Context Window Management: When 1M Tokens Isn't Enough

▶️ LISTEN TO THIS ARTICLE

Gemini 2.5 Pro advertises a 1 million token context window. Claude takes a million. Llama 4 claims 10 million. On paper, the context problem is solved. In production, it isn't close.

Some 2026 long-context guidance puts effective capacity well below advertised maximums, with performance dropping before the formal context limit is reached. Benchmark writeups also show that model performance can diverge sharply at long context lengths. Treat exact model rankings and scores as time-bound; the durable lesson is the gap between "supports" and "performs at."

Many enterprise agent failures are better explained as context drift, stale state, or memory loss during multi-step reasoning than as raw context exhaustion. The context window didn't overflow. It rotted. This guide covers what actually happens when agents hit the limits of their context, and the engineering patterns that production teams use to manage it.

The Lost in the Middle Problem Hasn't Gone Away

Liu et al.'s 2023 "Lost in the Middle" paper showed that models perform best when the answer sits at the beginning or end of the context window and degrade when it's buried in the middle. Three years and multiple model generations later, the core finding still holds for most models in production.

Leng et al. tested 20 LLMs on RAG workflows with context from 2,000 to 128,000 tokens. The source set indicates that only some models held up as contexts grew, while many declined after mid-range context lengths. The exact scores should be treated as benchmark-specific, but the pattern matters: longer context does not automatically mean better retrieval.

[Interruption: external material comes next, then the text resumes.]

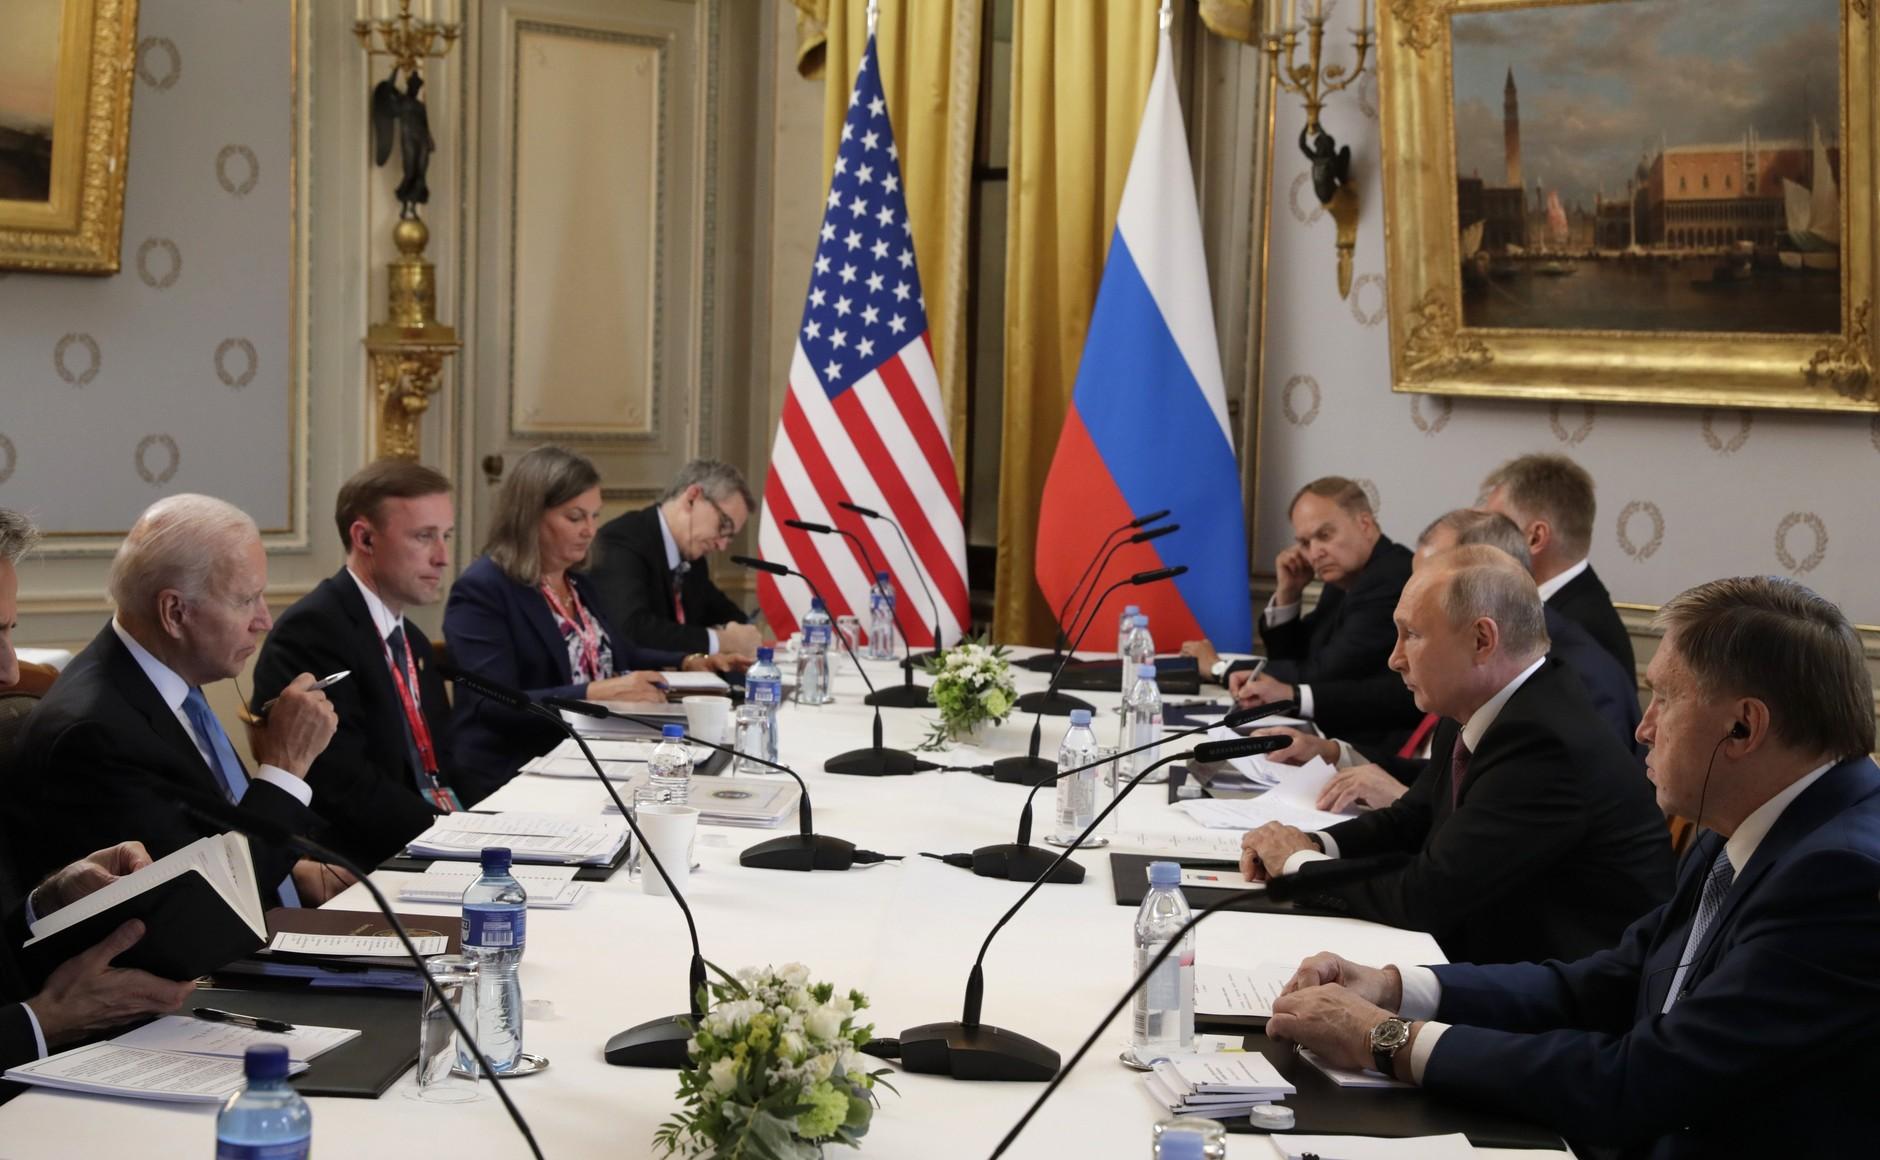 RUSSIE USA 15 X 16 Avec le président des États-Unis d'Amérique Joseph Biden avant les pourparlers russo-américains. Photo TASS

The 2025 study cited below reframed the phenomenon not as a bug to fix but as an emergent property of how LLMs learn information retrieval during pre-training. Larger models exhibit reduced U-shaped recall curves, meaning scale helps. But scale alone doesn't eliminate the problem. It reduces it from catastrophic to merely expensive.

The practical implication: if your agent retrieves a 50-page contract and the critical clause is on page 27, a frontier model might find it. A mid-tier model probably won't. Position-awareness in your context assembly isn't optional.

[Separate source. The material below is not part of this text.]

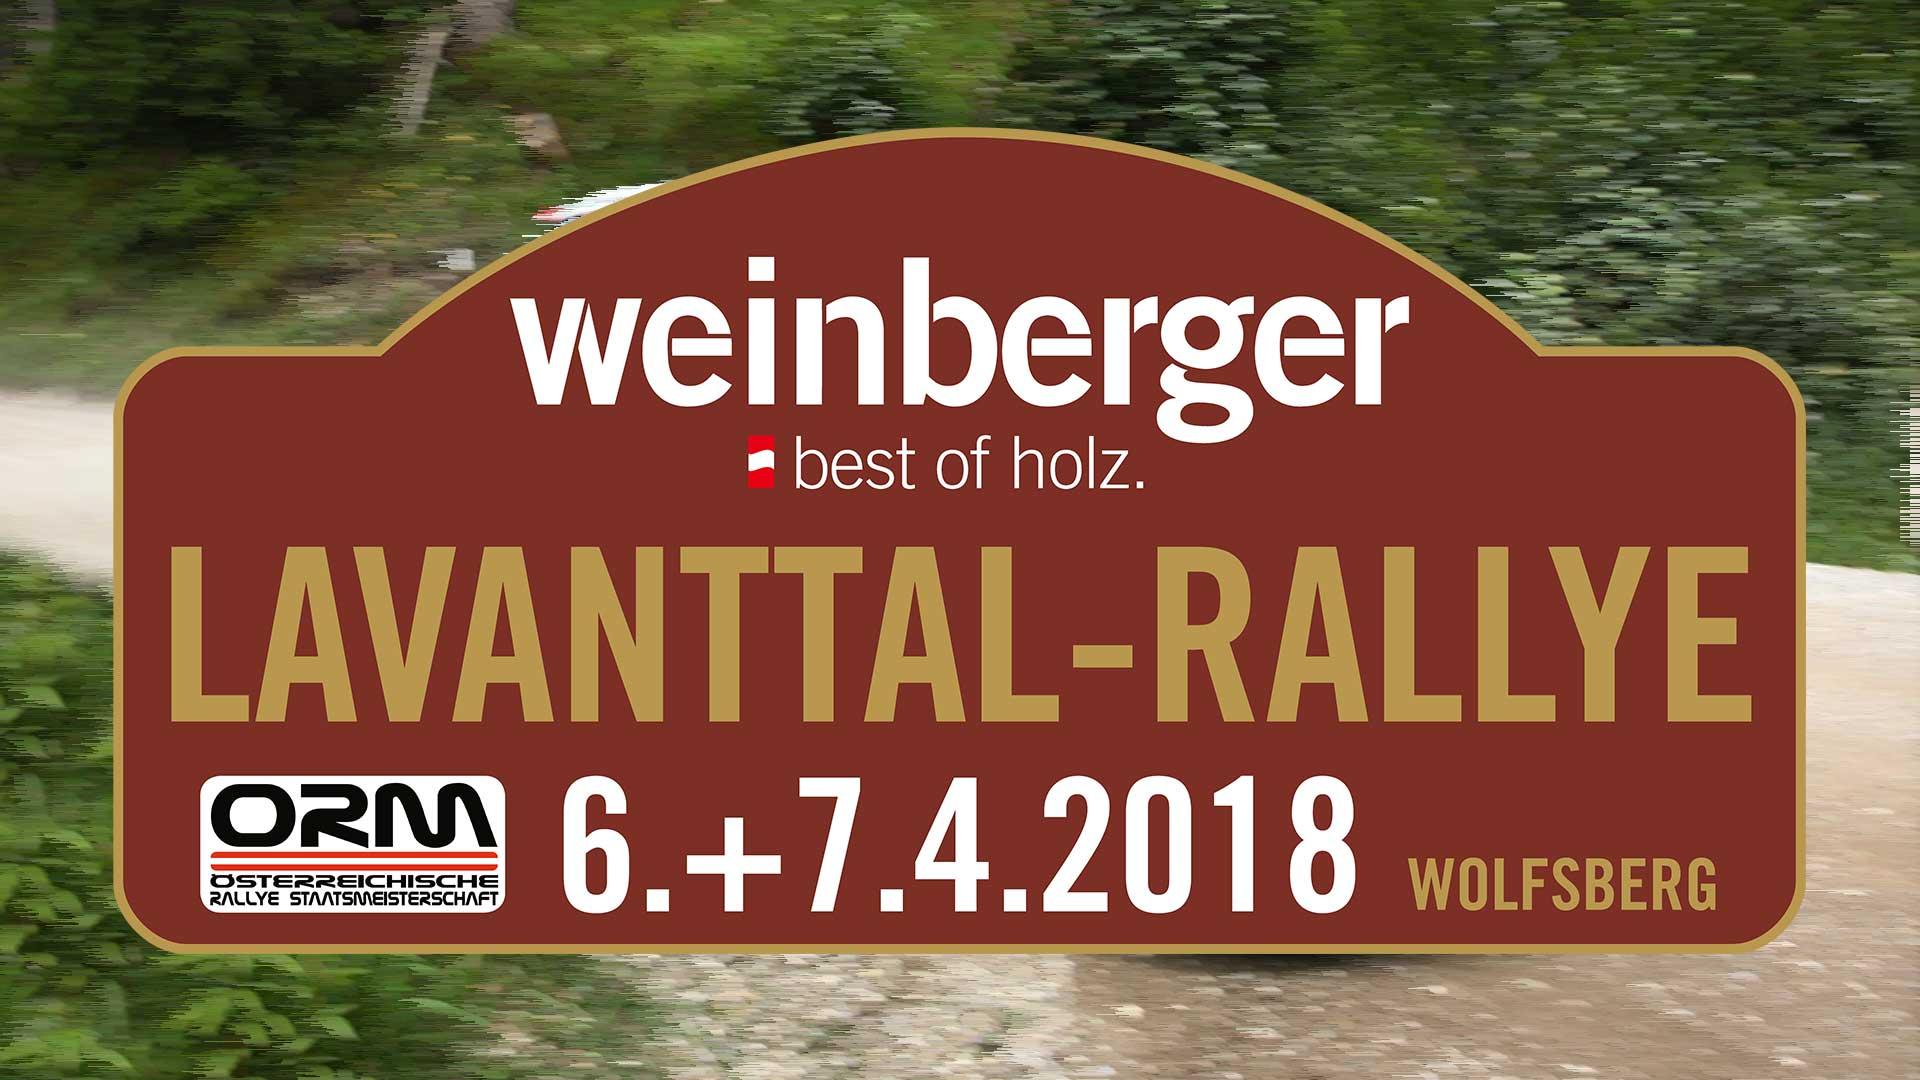 Rallye 2018 De La Vallée De Lavant Parrainé Par Weinberger

The cost calculation most teams miss: it's not the per-token price.

Context Rot: The Silent Agent Killer

Context overflow gets the attention. Context rot does the damage.

Every message, tool call, file read, and response adds tokens to the window. In a multi-turn agent session, the signal-to-noise ratio drops with every interaction. The agent still has the information technically present in its context, but its ability to retrieve and act on that information degrades measurably after 20-30 turns. The model isn't forgetting. It's drowning.

A UC Berkeley, Stanford, and IBM Research study of 306 practitioners found that 68% of production agent systems execute 10 or fewer steps before requiring human intervention. Nearly half execute fewer than five. This isn't just a reliability problem. It's a context problem. Each step adds noise. Each tool call returns data the model must carry forward. By step 15, the agent is reasoning over a context that's mostly its own prior outputs, not the original task specification.

The compounding effect is mathematical. If each step adds 500 tokens of tool output and the agent runs 20 steps, that's 10,000 tokens of accumulated state competing with the original instructions for attention. The instructions haven't moved in the context window, but they've been pushed proportionally further from the model's attention focus.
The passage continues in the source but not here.